Choosing a Community Healthcare Service in Melton Mowbray

Melton Mowbray has 38 CQC-registered healthcare providers in total, of which 2 are community healthcare services — so genuine comparison is possible before you commit. The full Melton Mowbray directory and the local community services - healthcare listing let you shortlist alongside this profile.

Most community healthcare follows geography — the 2 services around Melton Mowbray each cover defined patches. Where you do have choice (self-referral physiotherapy or private community nursing), compare response times, whether care is delivered by registered professionals or support workers, and the CQC report's responsive domain, which reflects how well the service manages demand.

Frequently Asked Questions

Where is Melton Mowbray Hospital located?

Melton Mowbray Hospital is at Thorpe Road,Melton Mowbray, LE13 1SJ, in Melton Mowbray (East Midlands region). The full postcode works in any sat-nav or journey planner.

How do I contact Melton Mowbray Hospital?

Contact details are held on the official CQC record linked from this page, and your GP practice can route referrals directly. We display phone and website details as soon as they are available from the register.

Is Melton Mowbray Hospital regulated?

Yes — it is registered with the Care Quality Commission (location ID RWELN) under the registered provider University Hospitals of Leicester NHS Trust.
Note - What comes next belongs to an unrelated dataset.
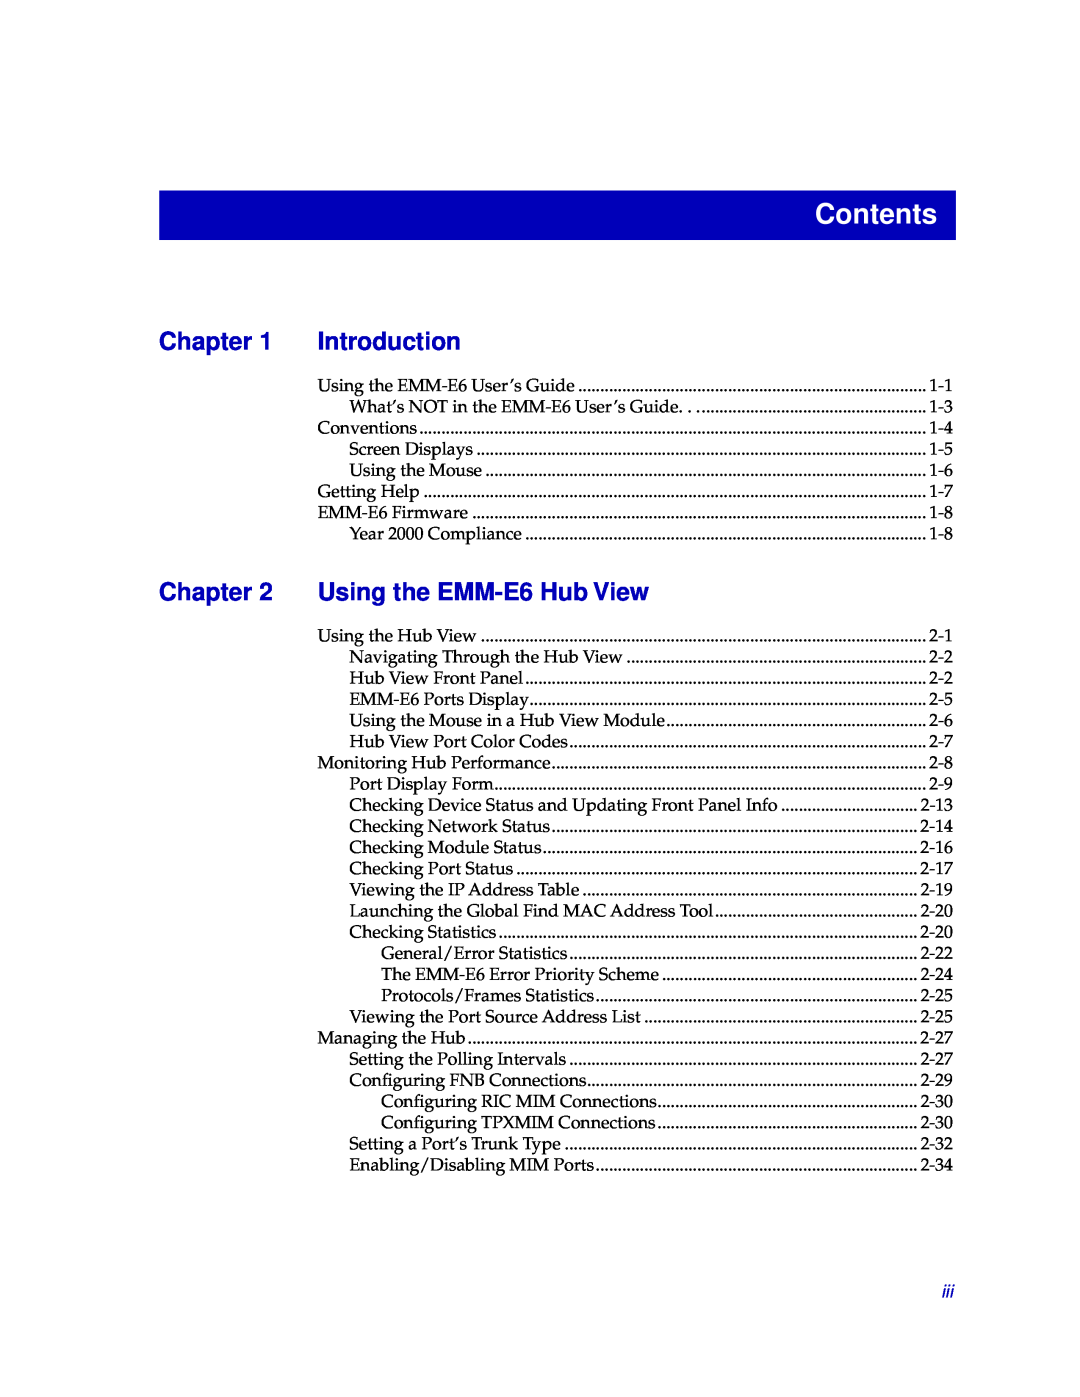 Cabletron Systems manual Contents, Chapter, Using the EMM-E6 Hub View, Introduction

Registration is a legal requirement for delivering this type of care in England and brings ongoing inspection.

What are the nearest alternatives to Melton Mowbray Hospital?

The closest comparable providers are St Mary's Birth Centre (0.0 miles), Leicester General Hospital (12.7 miles), PCN Paramedic Home-visiting Service - K2 Healthcare Ltd (14.0 miles). Each has a full profile on this site with contact details and registration information.
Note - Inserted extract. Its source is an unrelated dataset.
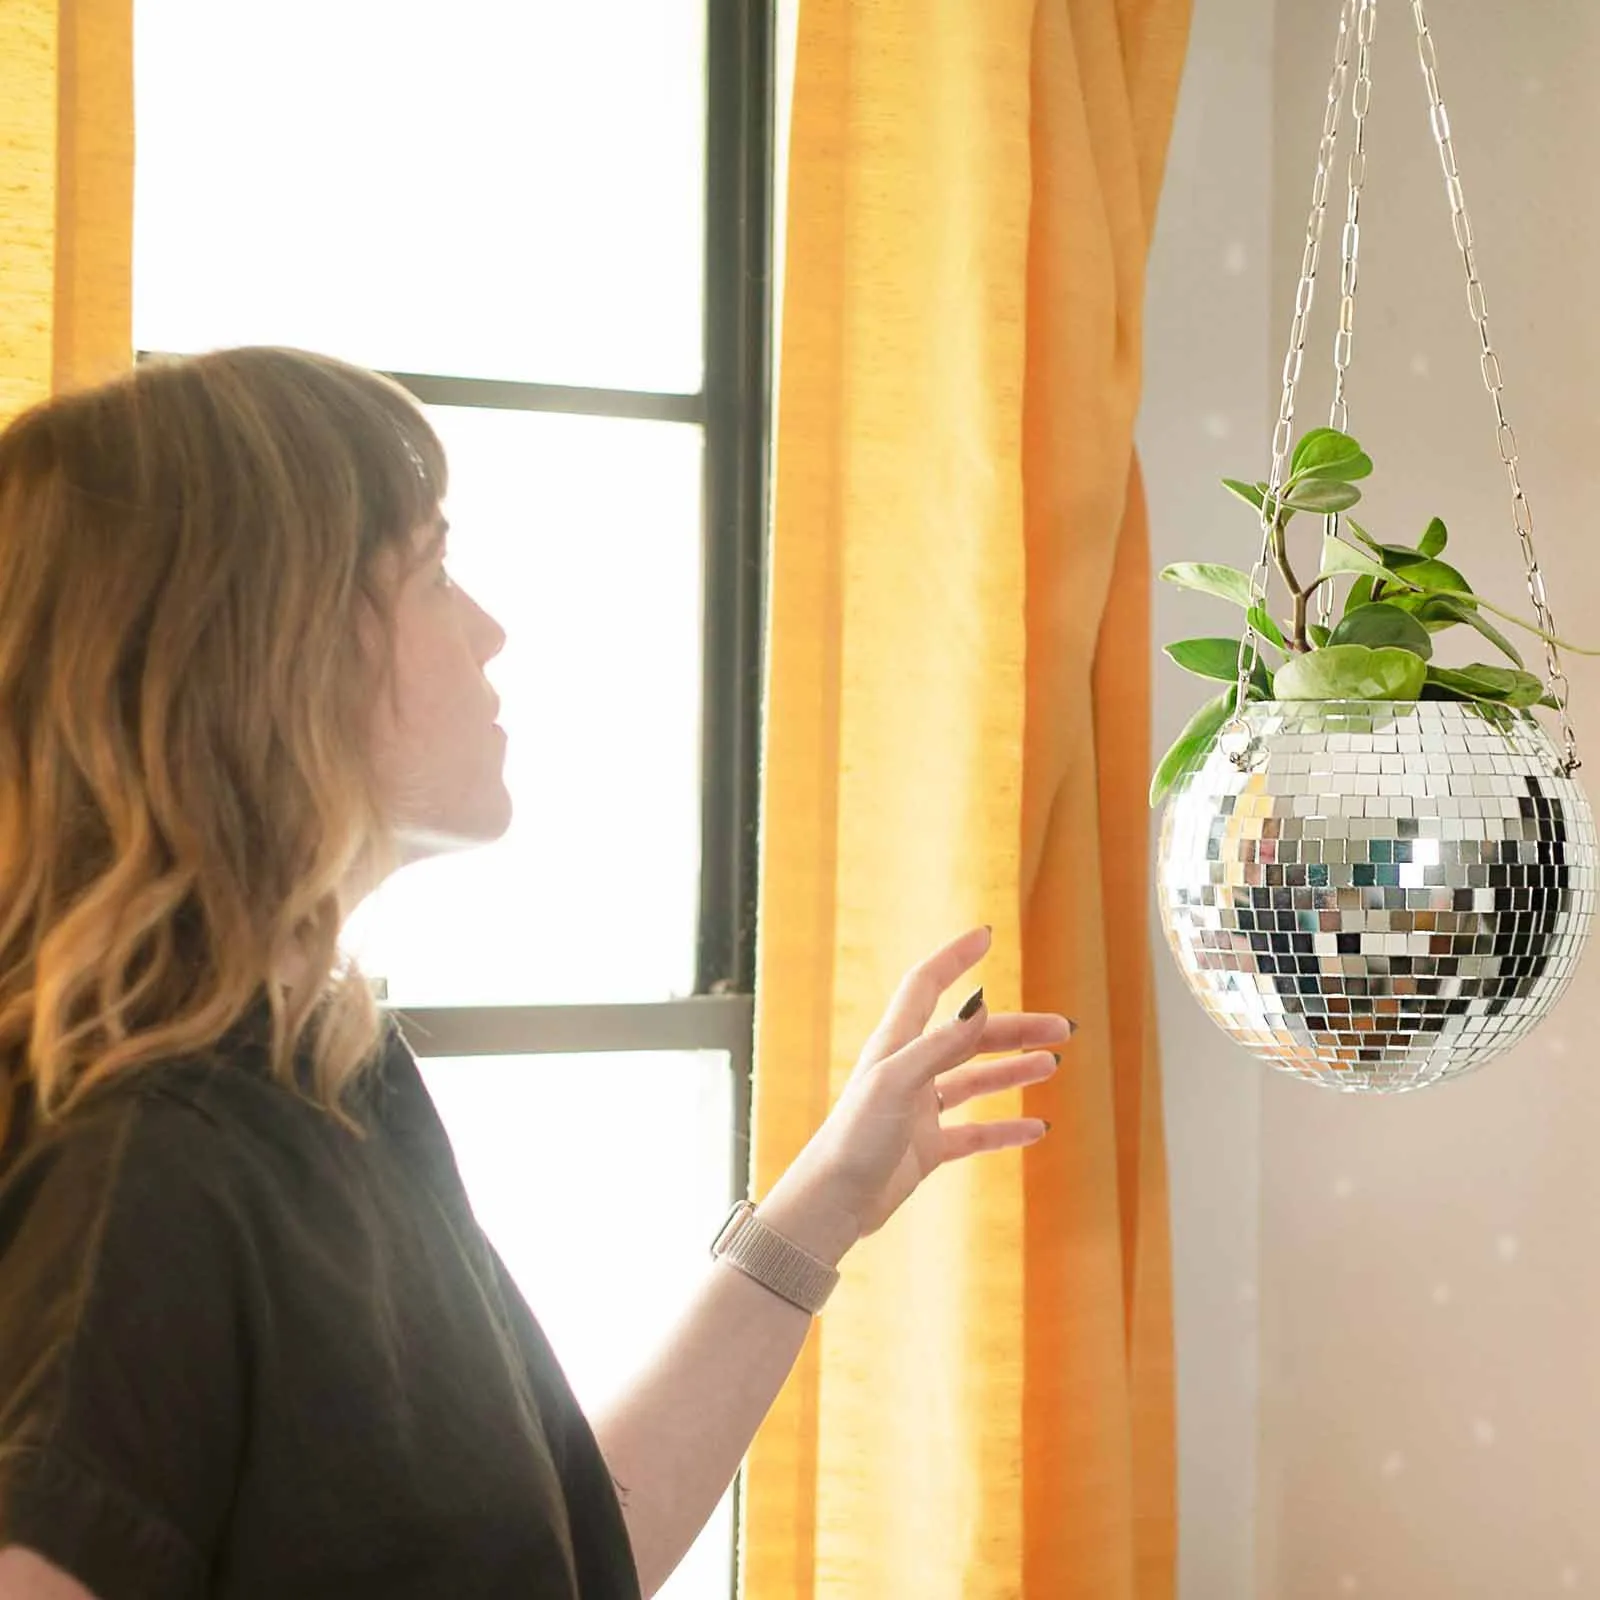 1PC Disco Ball Planter Globe Shape Hanging Vase Flower Planter Pots Rope Hanging Wall Homw Decor Vase Container Room Decoration

Can I refer myself, or do I need my GP?

Many community services — physiotherapy, podiatry and continence clinics in particular — accept self-referral. Phone the service and ask; if a GP referral is required, the call will still tell you exactly what to request.

Who qualifies for district nursing at home?

Broadly, people who are housebound or whose nursing need is best met at home — wound care, catheters, injections, palliative care. Referral usually comes from the GP practice or hospital, and families can prompt it directly.

Is equipment for home care free?

Yes, where assessed as needed: community equipment services loan beds, mattresses, commodes and mobility aids free of charge after an occupational therapy or nursing assessment. Ask for the assessment before purchasing anything substantial.

Does Melton Mowbray Hospital treat NHS or private patients?

The public register does not record funding routes, and many providers serve both. Phone the service for the current position — NHS availability in particular changes as capacity fills and reopens, so today's answer beats anything a directory can cache.

Where does the information on this page come from?

Core details — name, address, registration, provider and specialisms — come from the Care Quality Commission register (Open Government Licence v3.0) and are refreshed monthly. Guidance sections reflect how services of this type work across the UK. Always confirm time-sensitive details such as opening hours directly with the provider.